Dev bir muz şirketinin sömürüsünden artakalan çürümüşlük kokusunun kol gezdiği bu kasabada yapılmaması gereken bir cenaze töreninin öyküsü anlatılıyor. Tüm kasaba halkının nefret ettiği garip bir doktor ölmüş, yaşlı bir emekli albay da, sırf ona vermiş olduğu bir sözü yerine getirmek için halkın karşı koymasına rağmen yanında kızı ve torunuyla birlikte onu defnetme çabasına düşmüştür. Tıpkı Sophokles’in hoşgörüye dayalı bir ortak yaşamı ve birey haklarını savunduğu, bir direniş örneği gösteren ölümsüz tragedyası Antigone’de olduğu gibi. Cenazenin hazırlık aşaması ve Macondo’nun çeyrek yüzyıllık masalsı öyküsü, yarım saatlik bir süre içinde ve geriye dönüşlerle, bu üç kişinin farklı görüş açılarından anlatılmakta. Olağanüstü düş gücünün ürünü olan bu kitap, mucizeler yaratabileceğini çok iyi bilen bir yazarın usta işi yalın anlatımıyla sunulmuş bir başyapıt.

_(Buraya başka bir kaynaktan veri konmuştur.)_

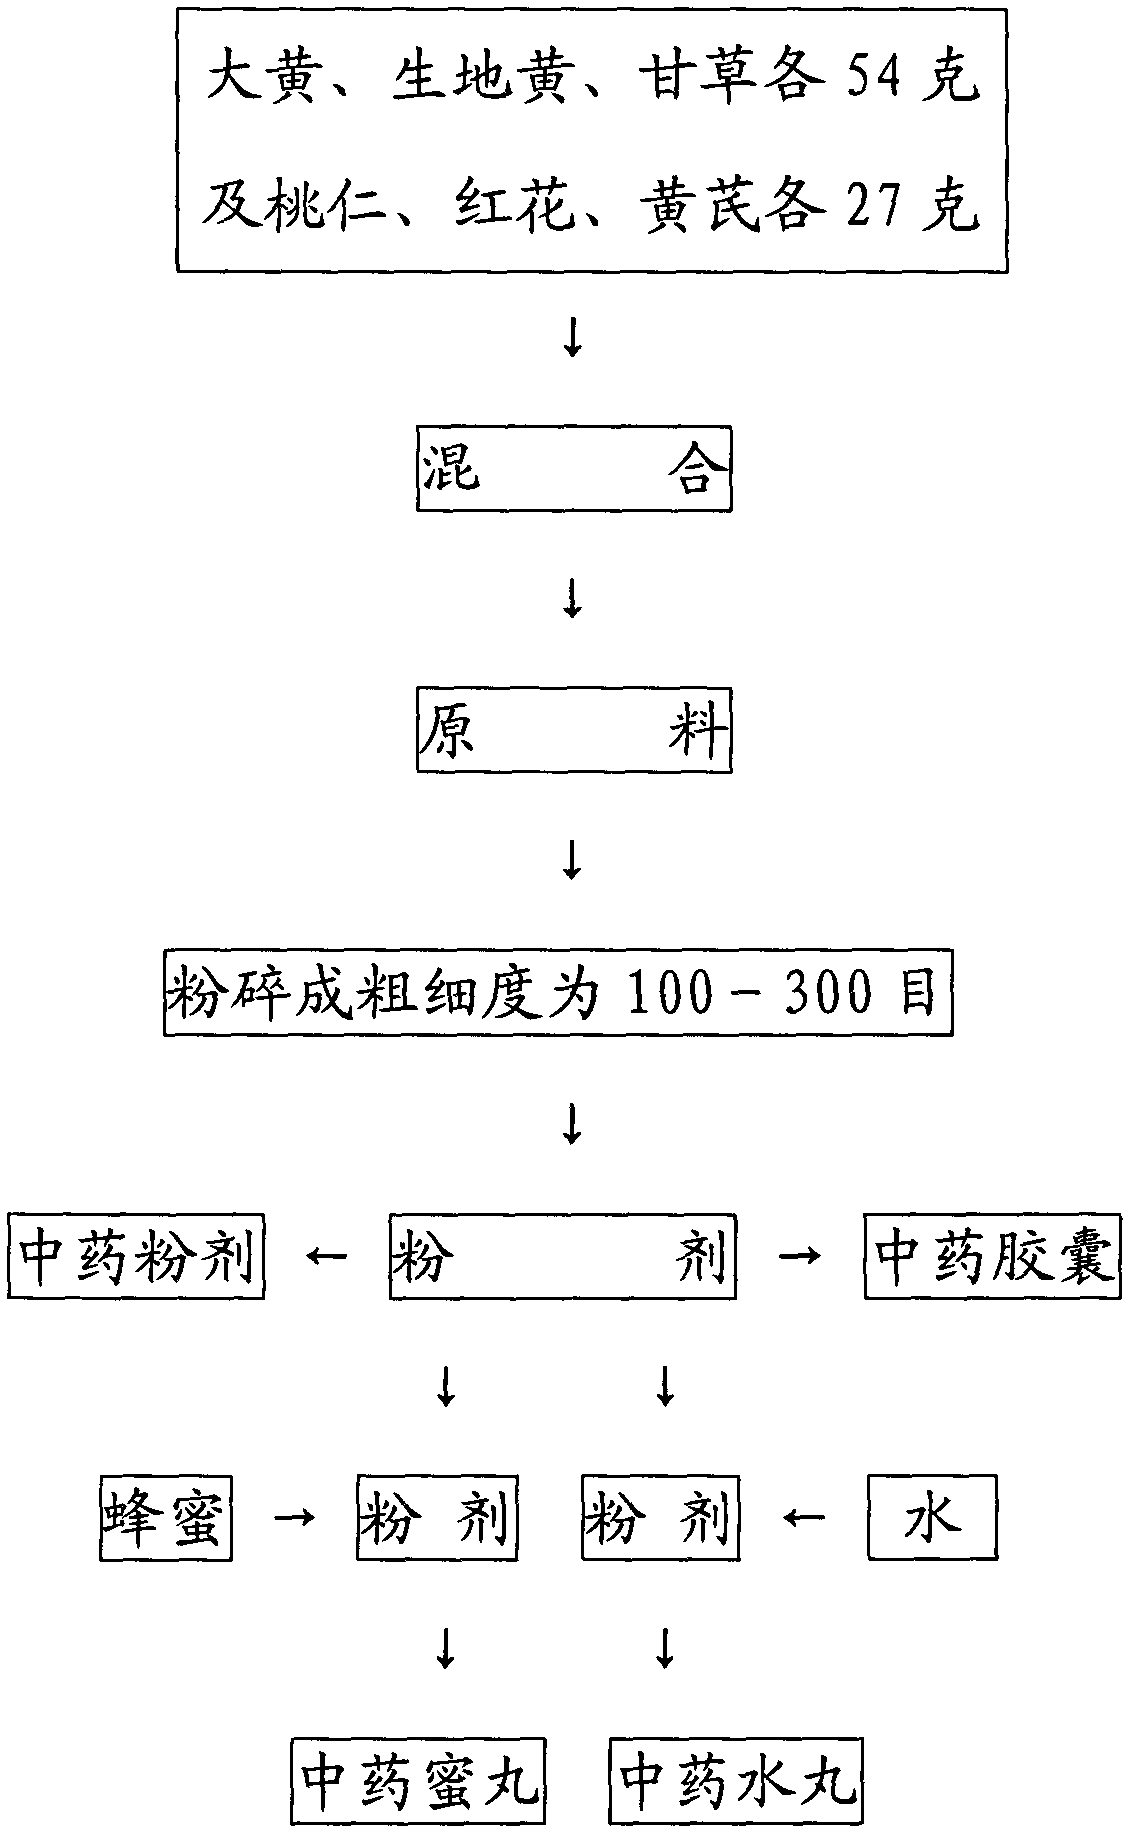 Manufacture method of Chinese medicine for regulating catamenia

YAZAR: GABRIEL GARCIA MARQUEZ
ÇEVİREN: İNCİ KUT
YAYINEVİ: CAN YAYINLARI
SAYFA SAYISI: 127
YORUM: Herkese merhabalar. Marquez'den ilk kitabımı okudum fakat ne yalan söyleyeyim beklentimi karşılamadı. Kitapta sonu açık bırakılan çok yer var. Özellikle sonunu çok merak ediyordum ama sonu oldukça sıradan ve şaşırtmadan bitti. Kısaca söylemek gerekirse sanırım bu yazara yanlış kitapla başladım. Yazarın ilk kitabı bu yüzdende çok önyargılı yaklaşmak istemem. Ben Marquez okumaya devam etmek istiyorum. Umarım diğer kitaplarını severim.

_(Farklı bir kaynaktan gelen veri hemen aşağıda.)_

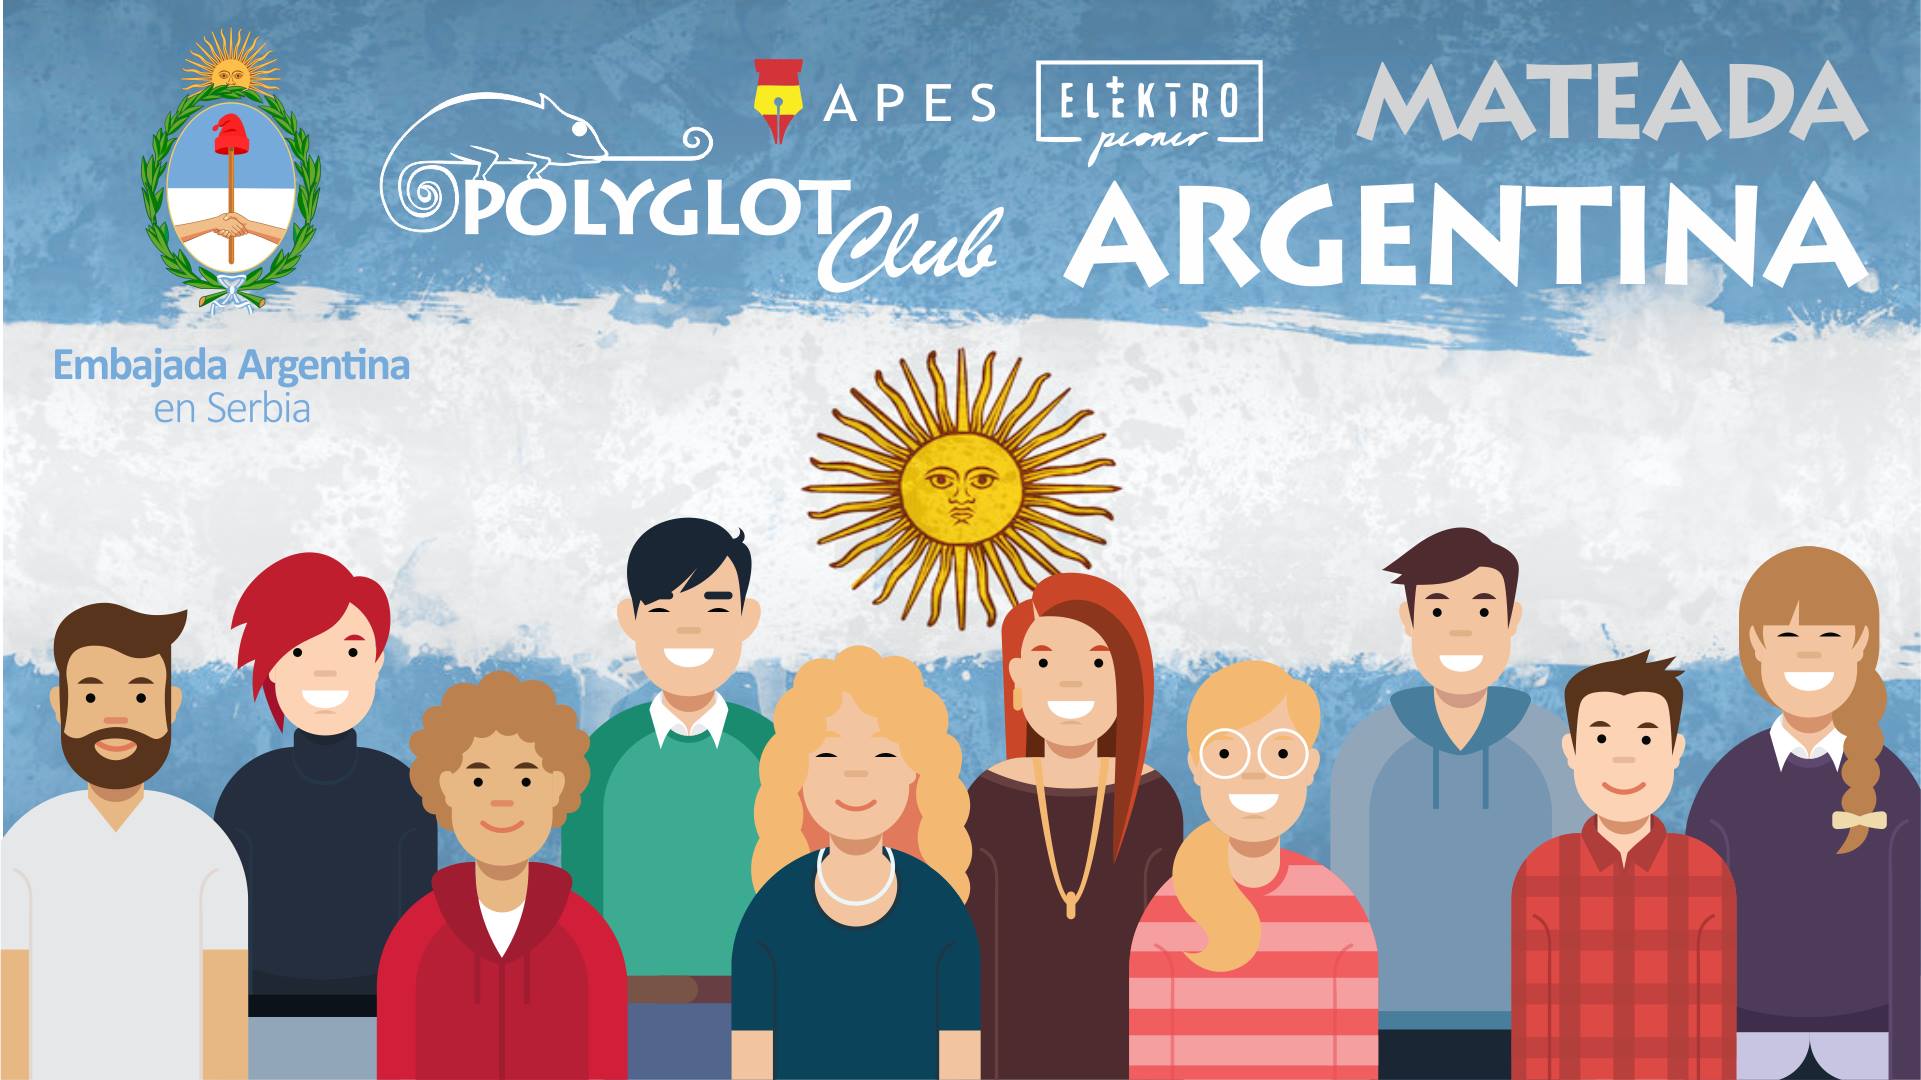 [:en]Polyglot Club Mateada Argentina 04.07.2018. Elektropionir

Kitaba geçelim hadi . Kitabı üç bakış açısı ile okuyoruz. Dede,anne ve çocuk. İlk başta çocuğun gözünden başladığımız hikaye sonralarda çocuğun annesi ve çocuğun dedesi olarak ayrılıyor. Bir çok olayı hemen hemen üç kere okuyoruz yani. Kitap bir ölüyle başlıyor. Çocuk,annesi ve dedesi cenaze evine gidiyor. Bu ölen adam, kendini asarak intihar eden bir doktor. Kasabada kimsenin sevmediği bir adam. Bu adam yıllar önce esrarengiz bir biçimde ortaya çıkıyor ve çocuğun annesi daha bebekken bu adam tam sekiz sene bu evde yaşıyor ve bir gün kendi evine taşınıyor. Doktor olan adama kasabalının düşman olma nedeni hiç bir hastayla ilgilenmemesi. Herkesi kaderine terk ediyor. Kasabalı nereden geldiğini,nereye gittiğini bilmedikleri bu adama düşman oluyorlar.

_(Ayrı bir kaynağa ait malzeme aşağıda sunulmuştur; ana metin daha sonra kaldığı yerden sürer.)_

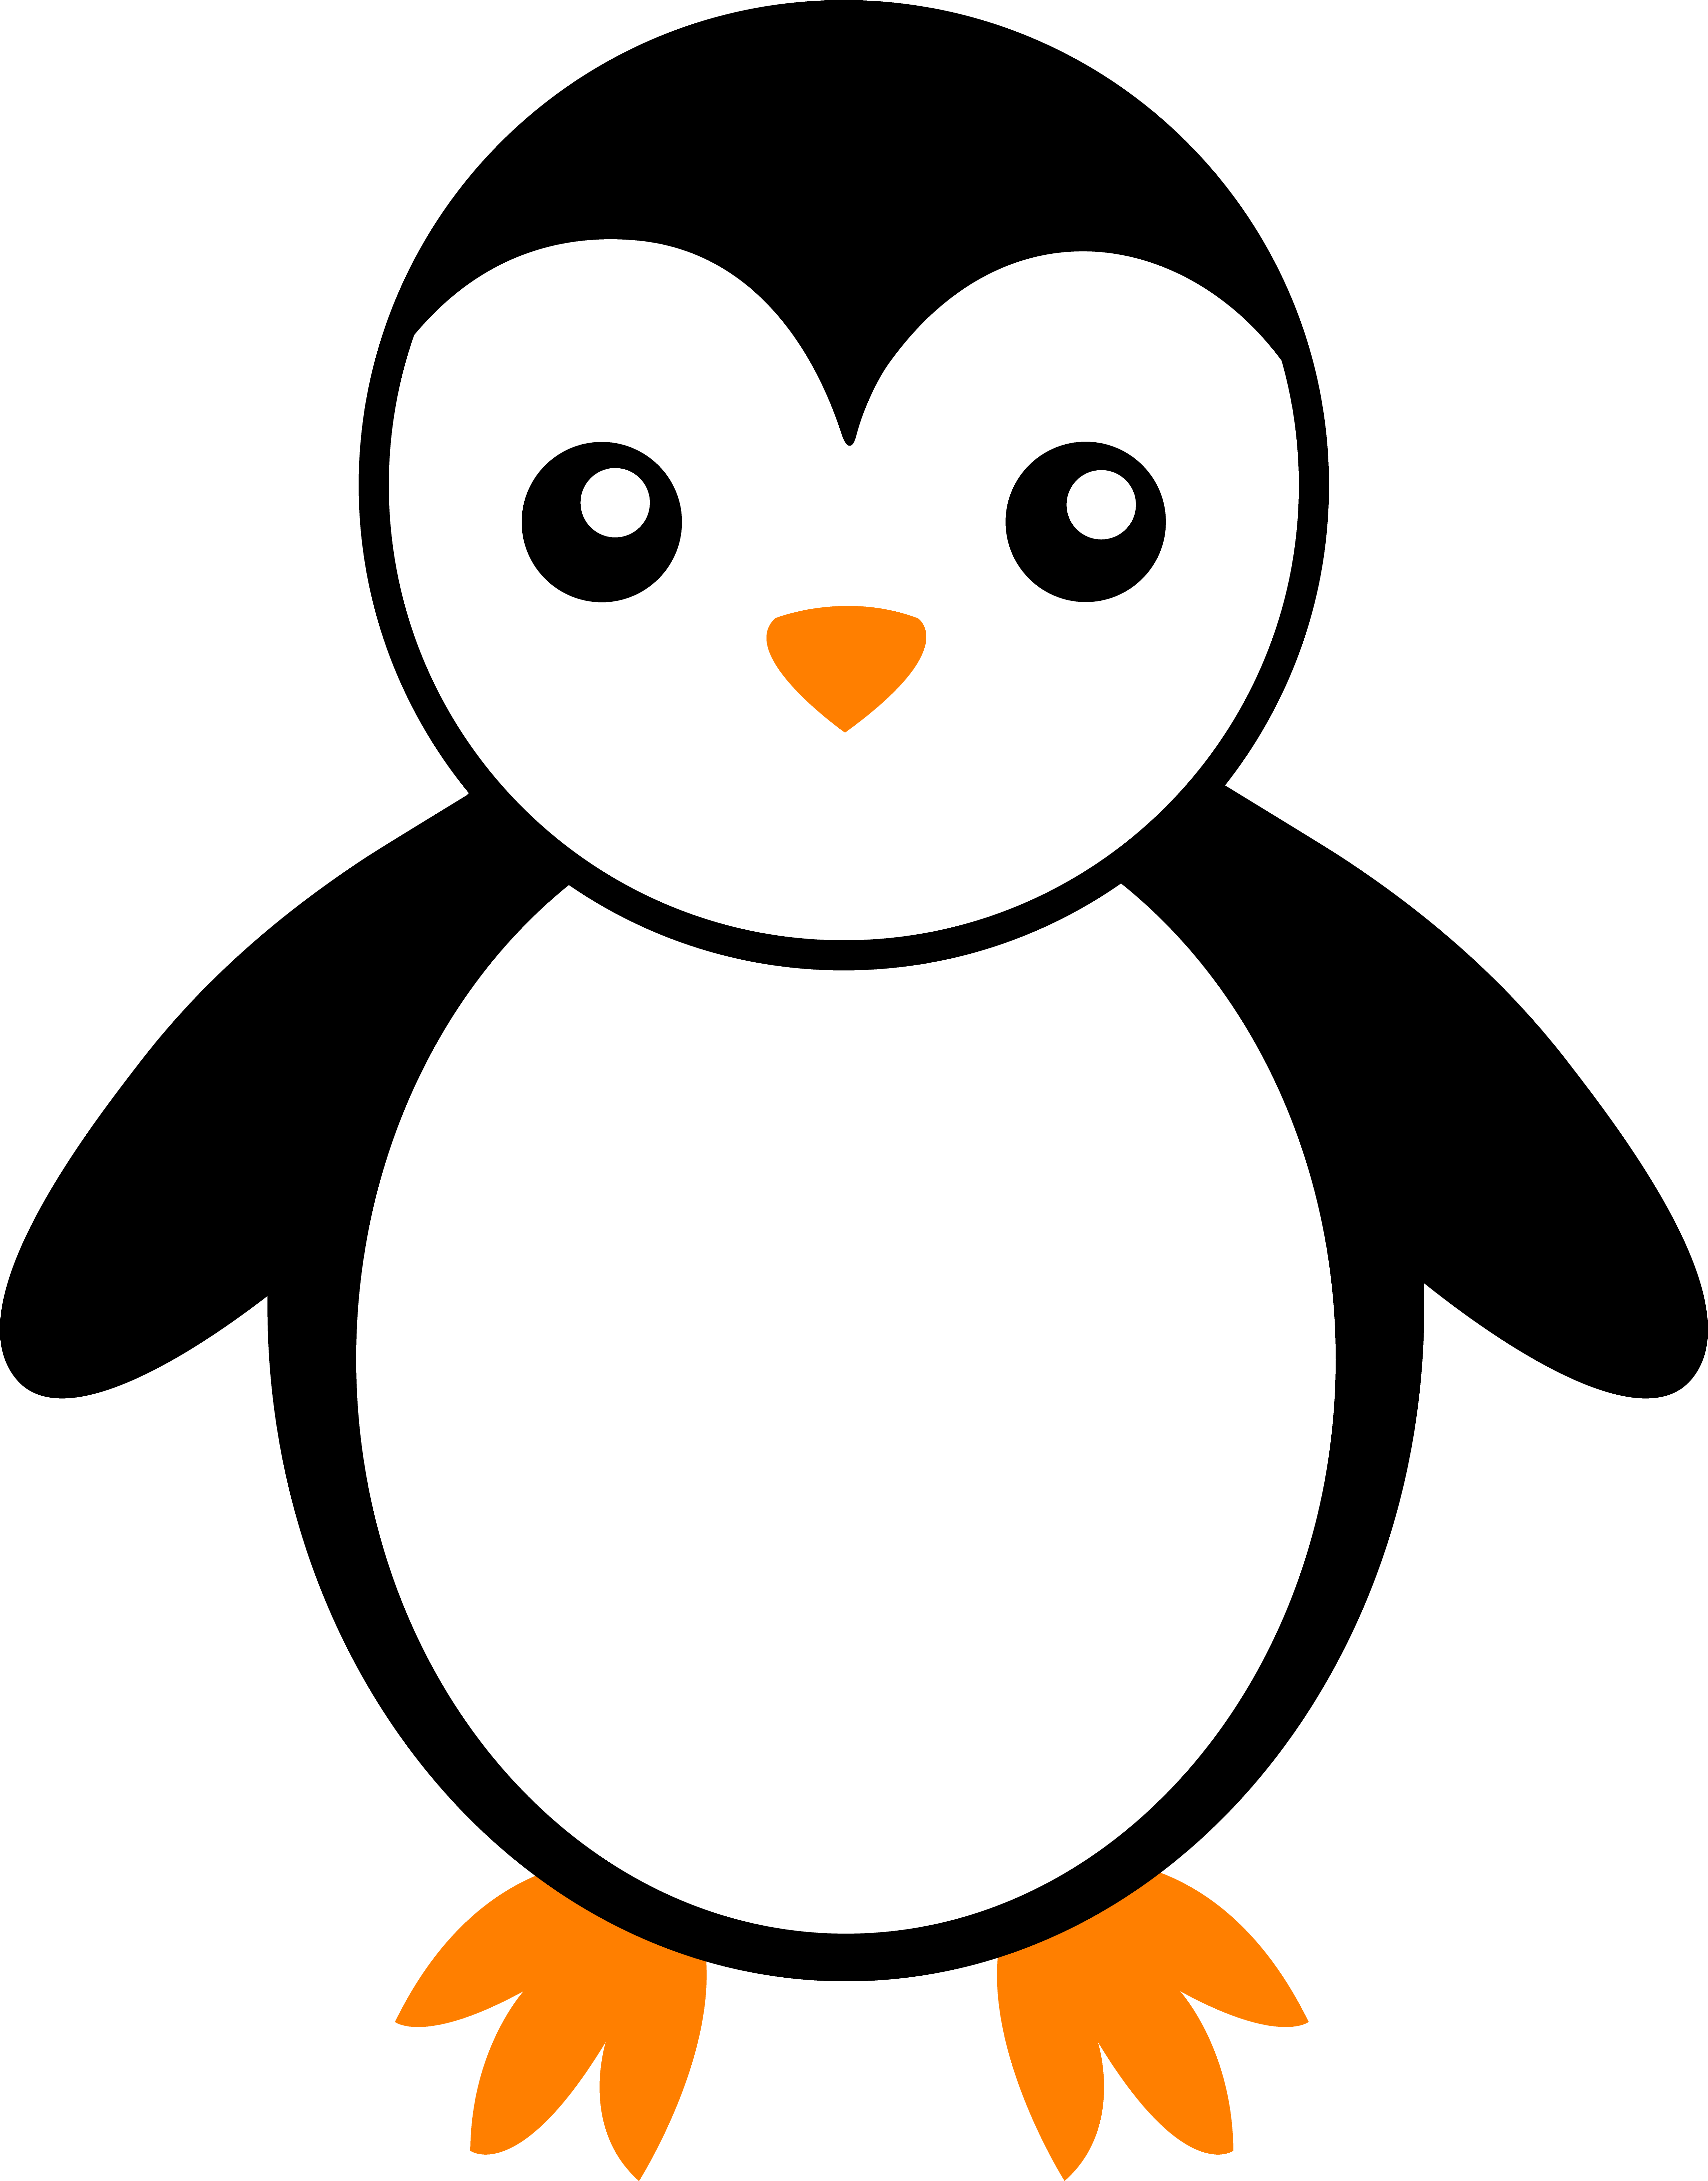 Penguin Clip Art Black And White | Clipart Panda - Free Clipart Images

Peki neden çocuğun dedesi yani eski albay bu adama yardım etti ve cenazesinde neden bir tek o ve ailesi var. Ölü adamın bütün işlerini kendileri halledip bütün kasabanın kinini kazanıp bu adamın ölüsünü defnetmeye çalışıyorlar. Peki neden? Bütün kitap bu neden üzerine kurulu aslında. Ben çok sevemedim kitabı ama belki şu an bu kitabı okuyup anlayacak seviyede değilimdir. Sizler yinede bir şans verin derim.